» **What you should do**
The answer must reproduce exactly the lines from the one with "Colourfull Flowers, Japanese anemone, Violet" through the end of the material, and it must contain no pictures.

» **Raw data**
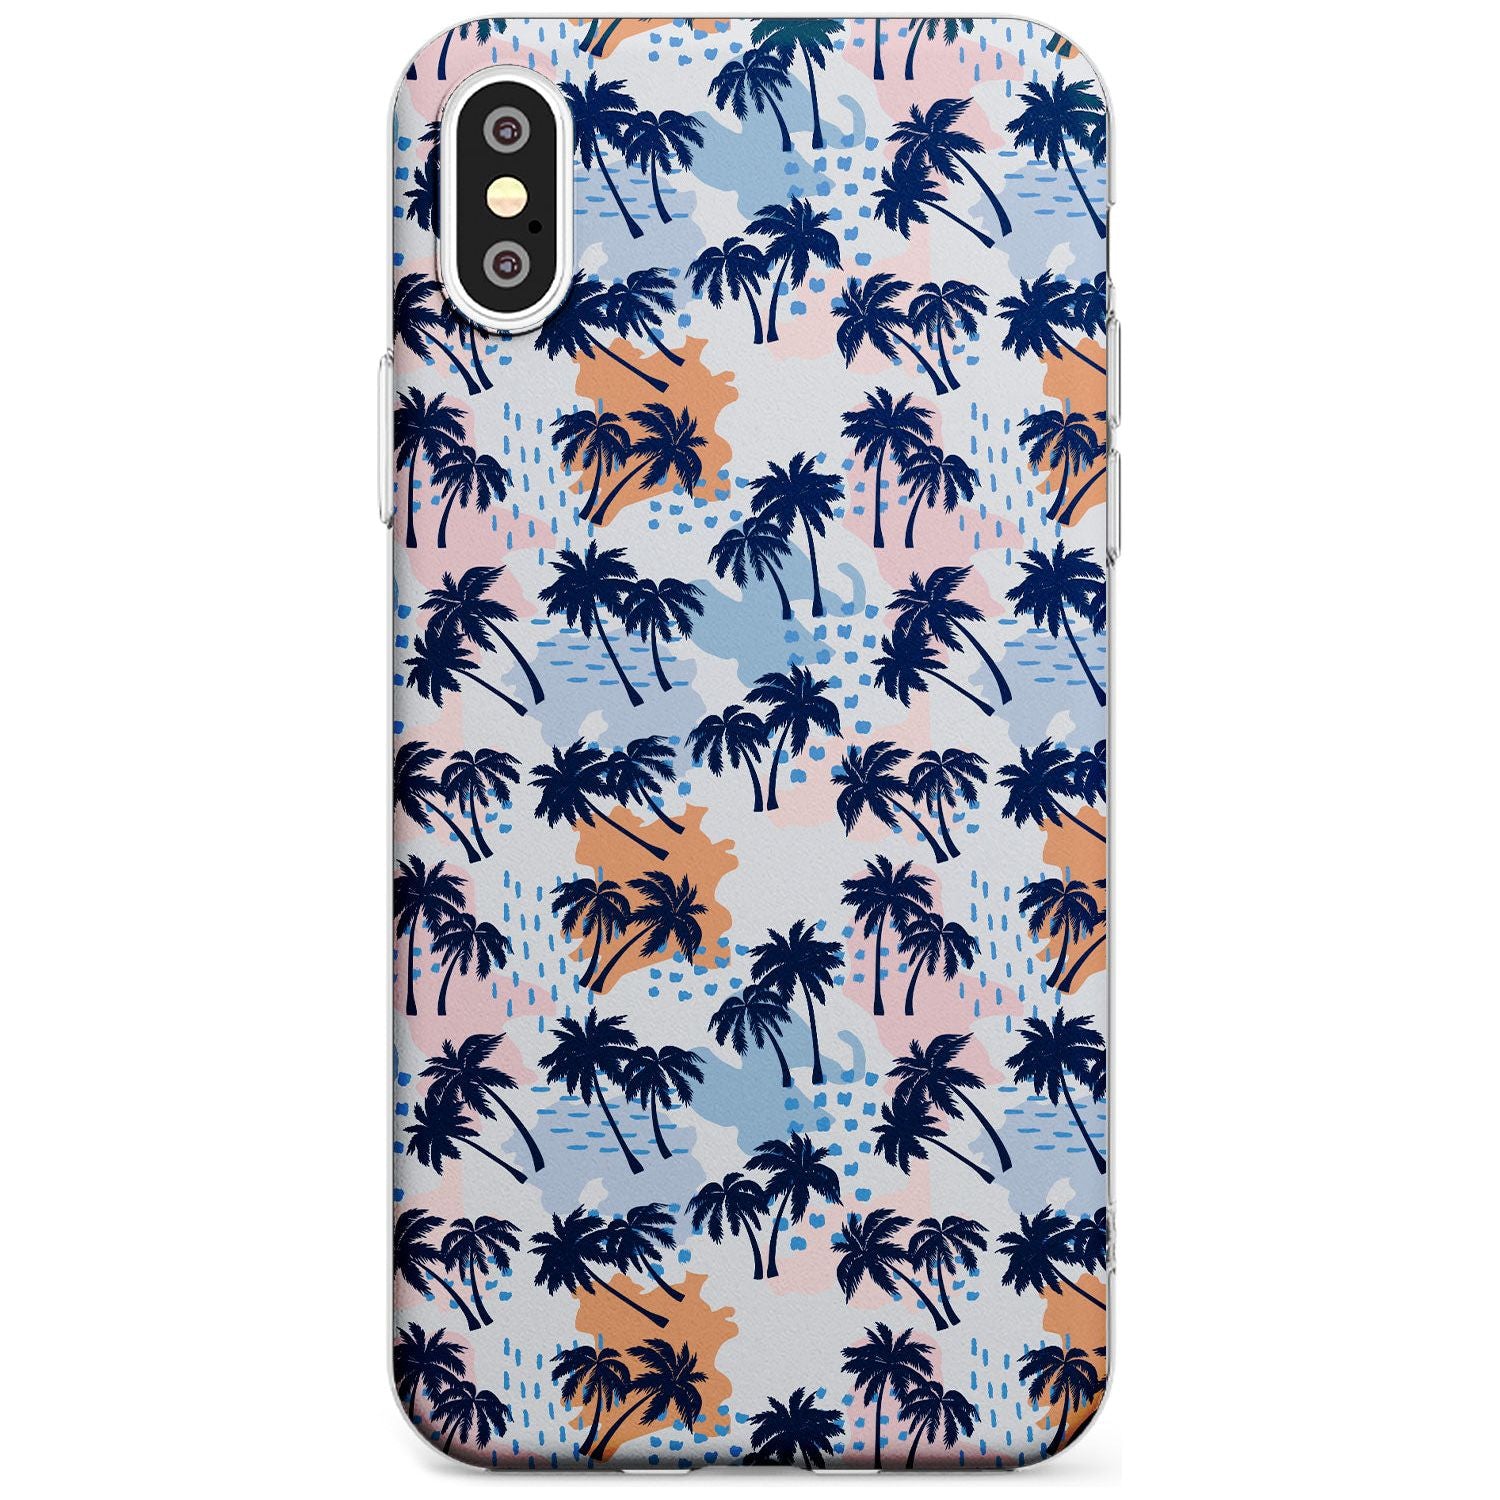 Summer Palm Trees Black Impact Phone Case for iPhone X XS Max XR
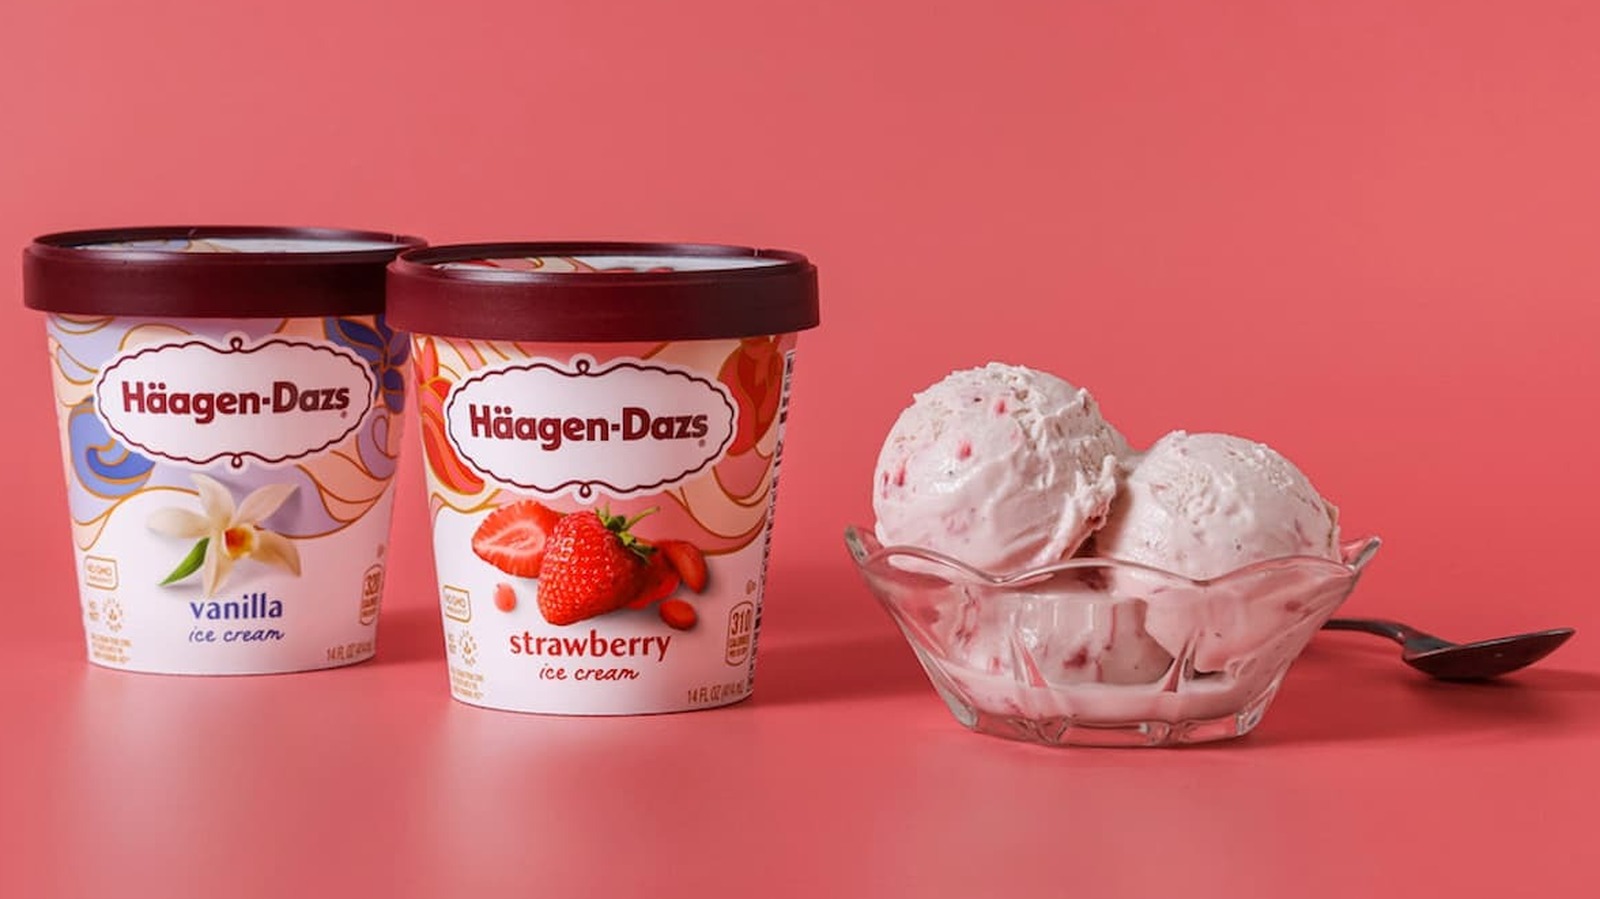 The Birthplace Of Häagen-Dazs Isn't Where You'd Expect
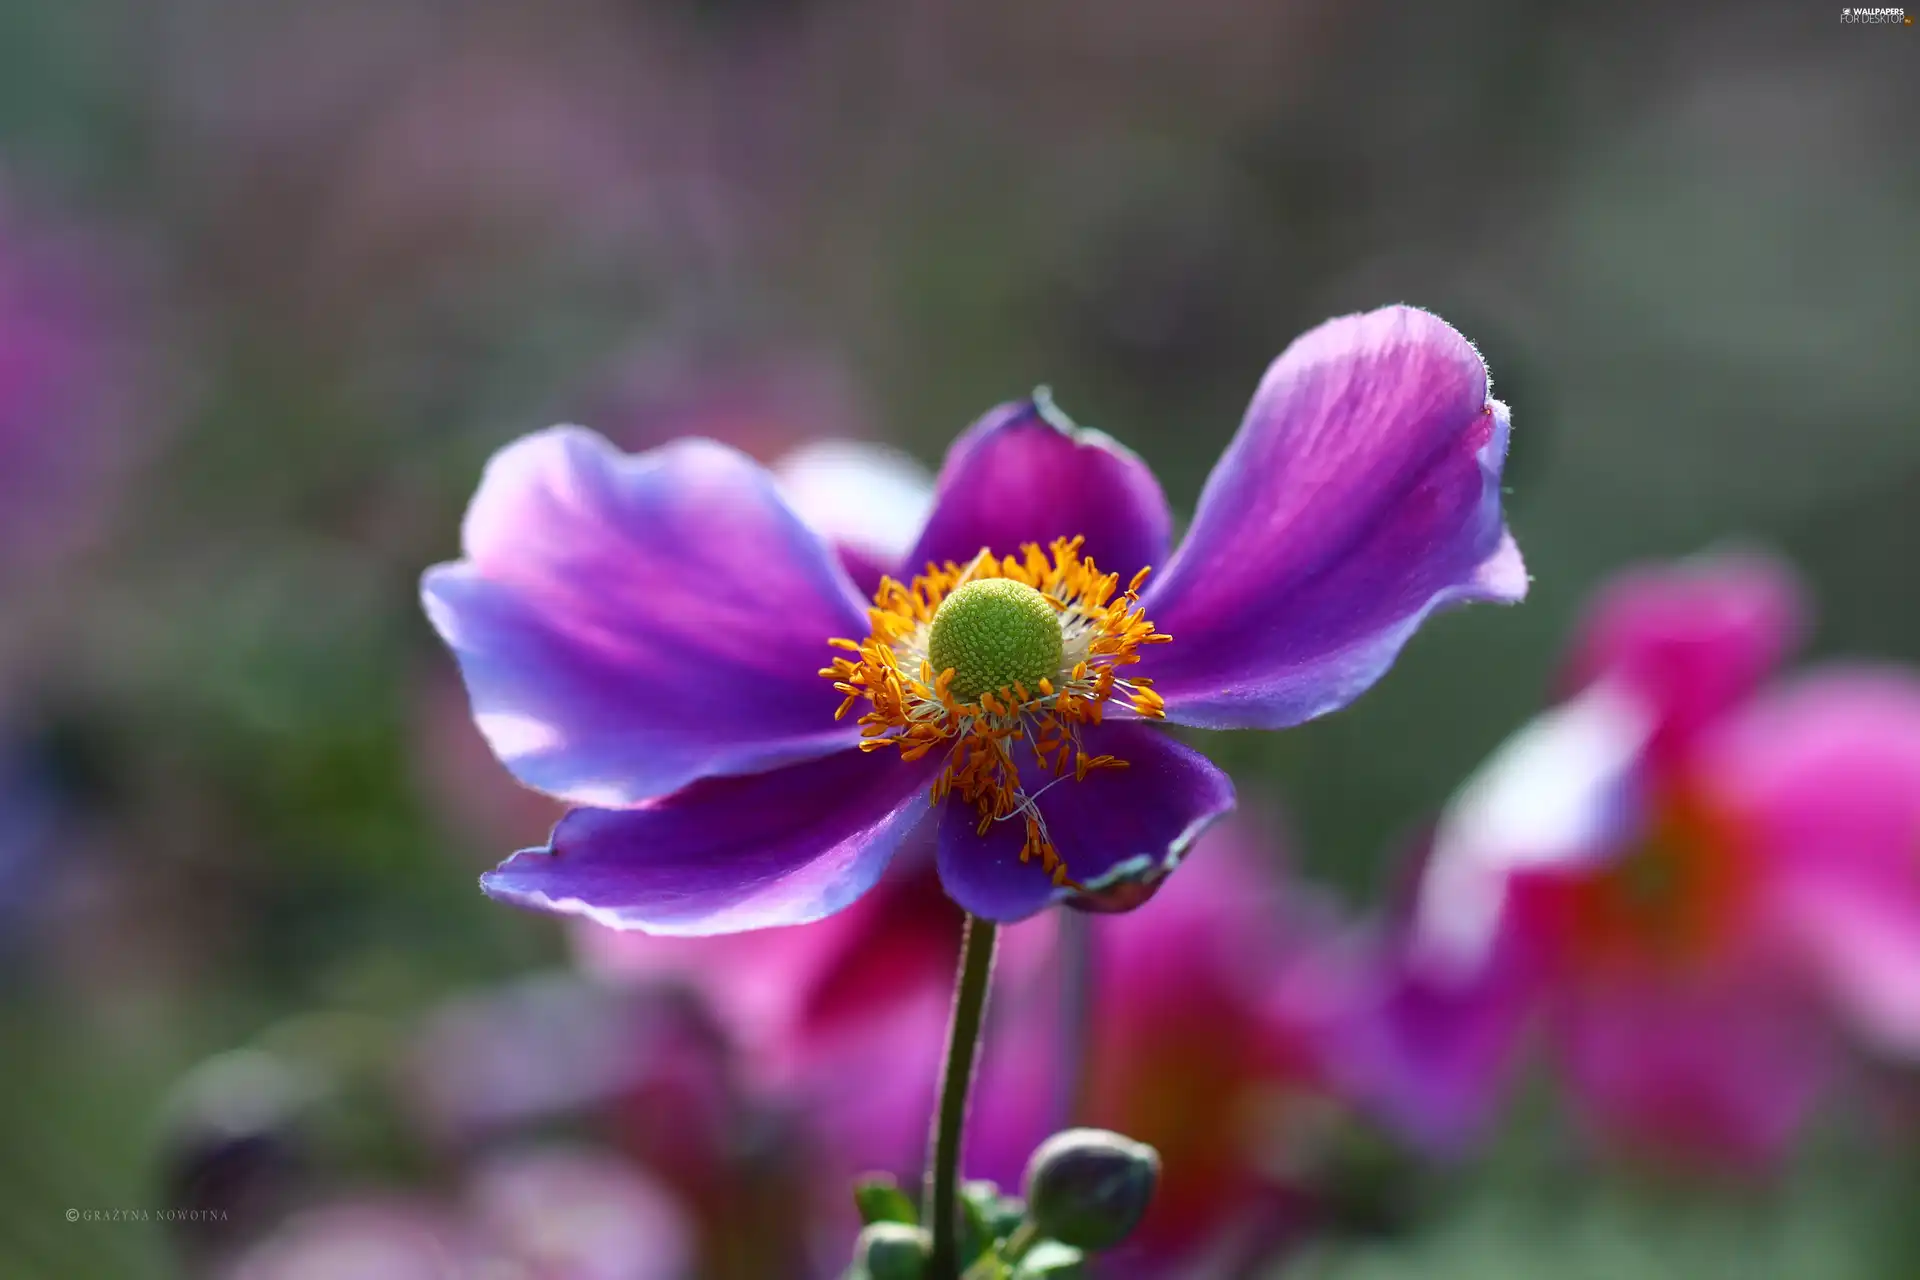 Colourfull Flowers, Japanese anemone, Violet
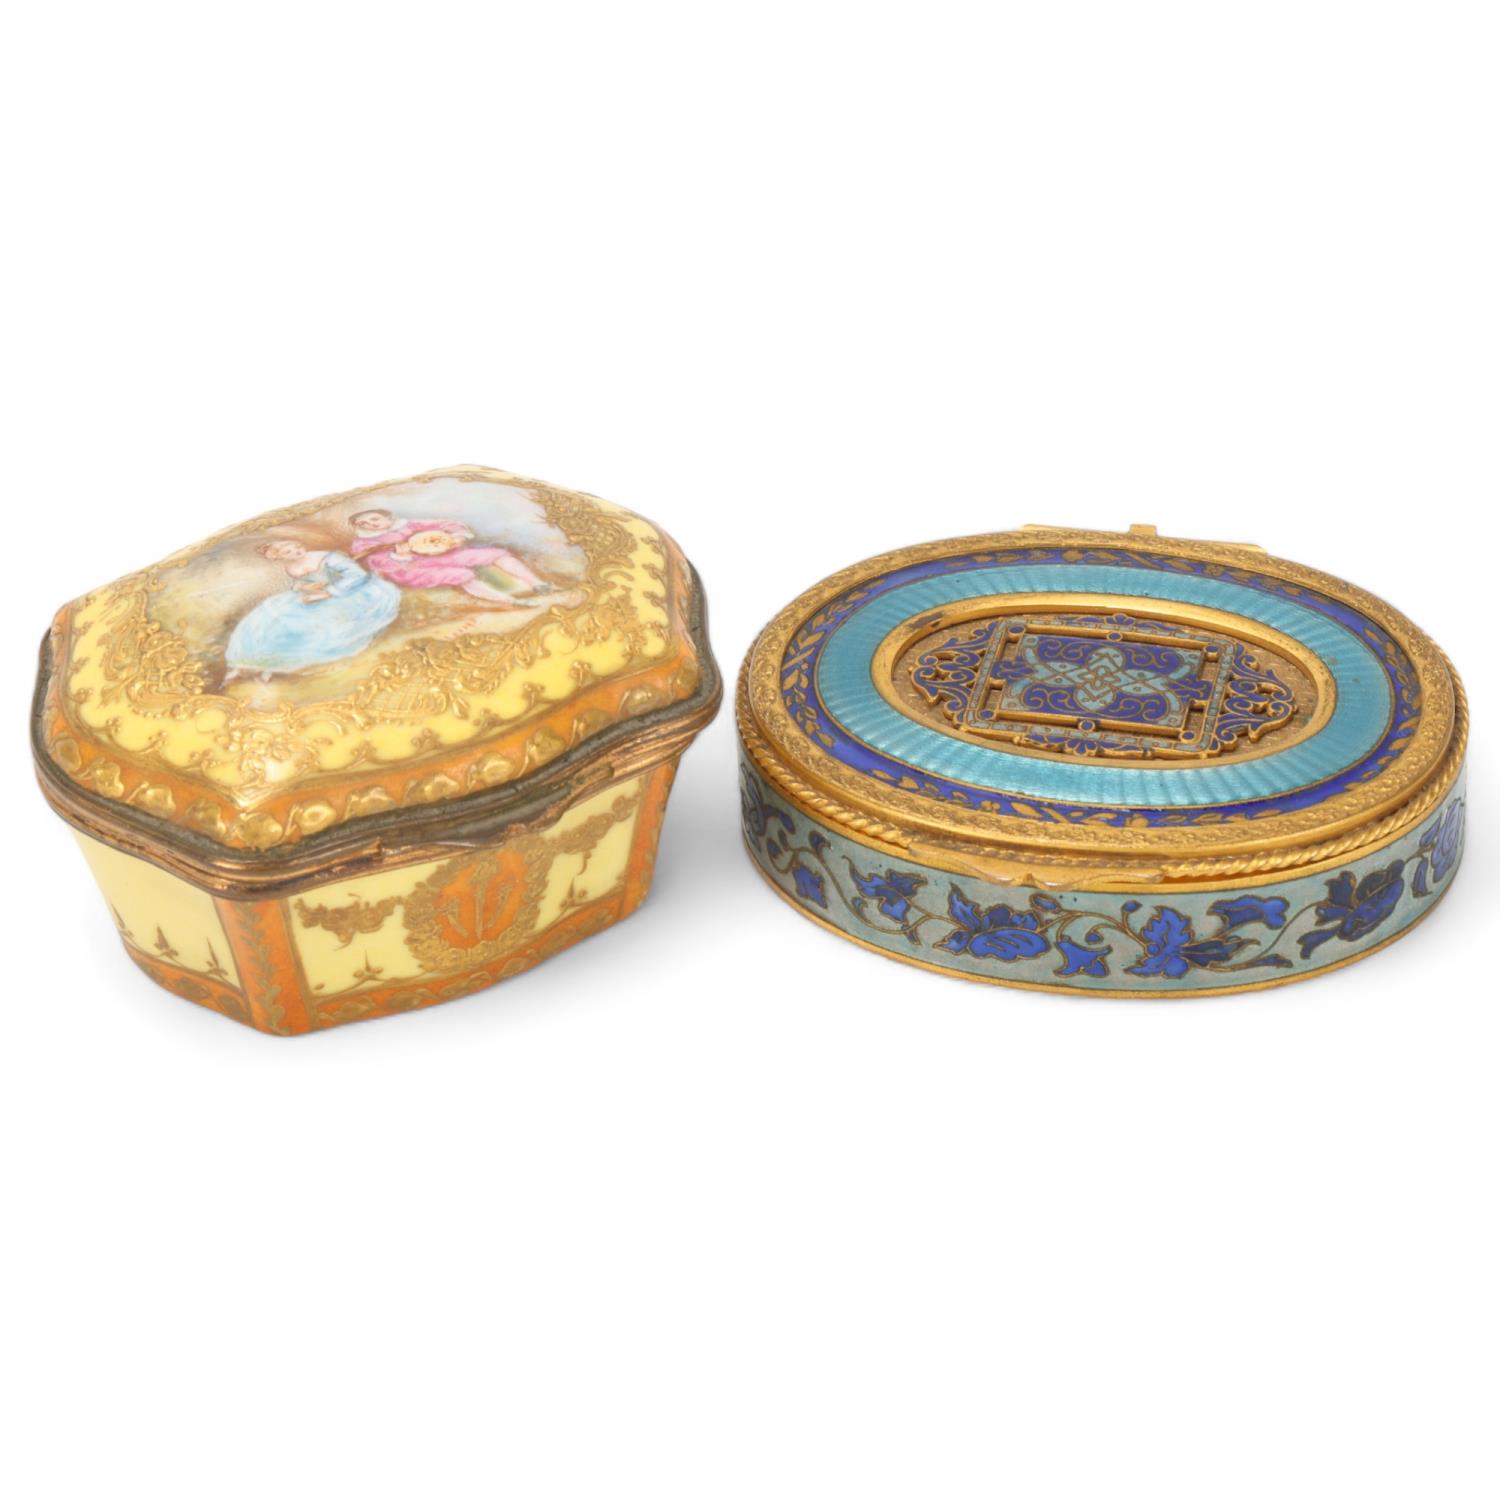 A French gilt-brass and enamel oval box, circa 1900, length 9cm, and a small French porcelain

» **Result**
 Colourfull Flowers, Japanese anemone, Violet
 A French gilt-brass and enamel oval box, circa 1900, length 9cm, and a small French porcelain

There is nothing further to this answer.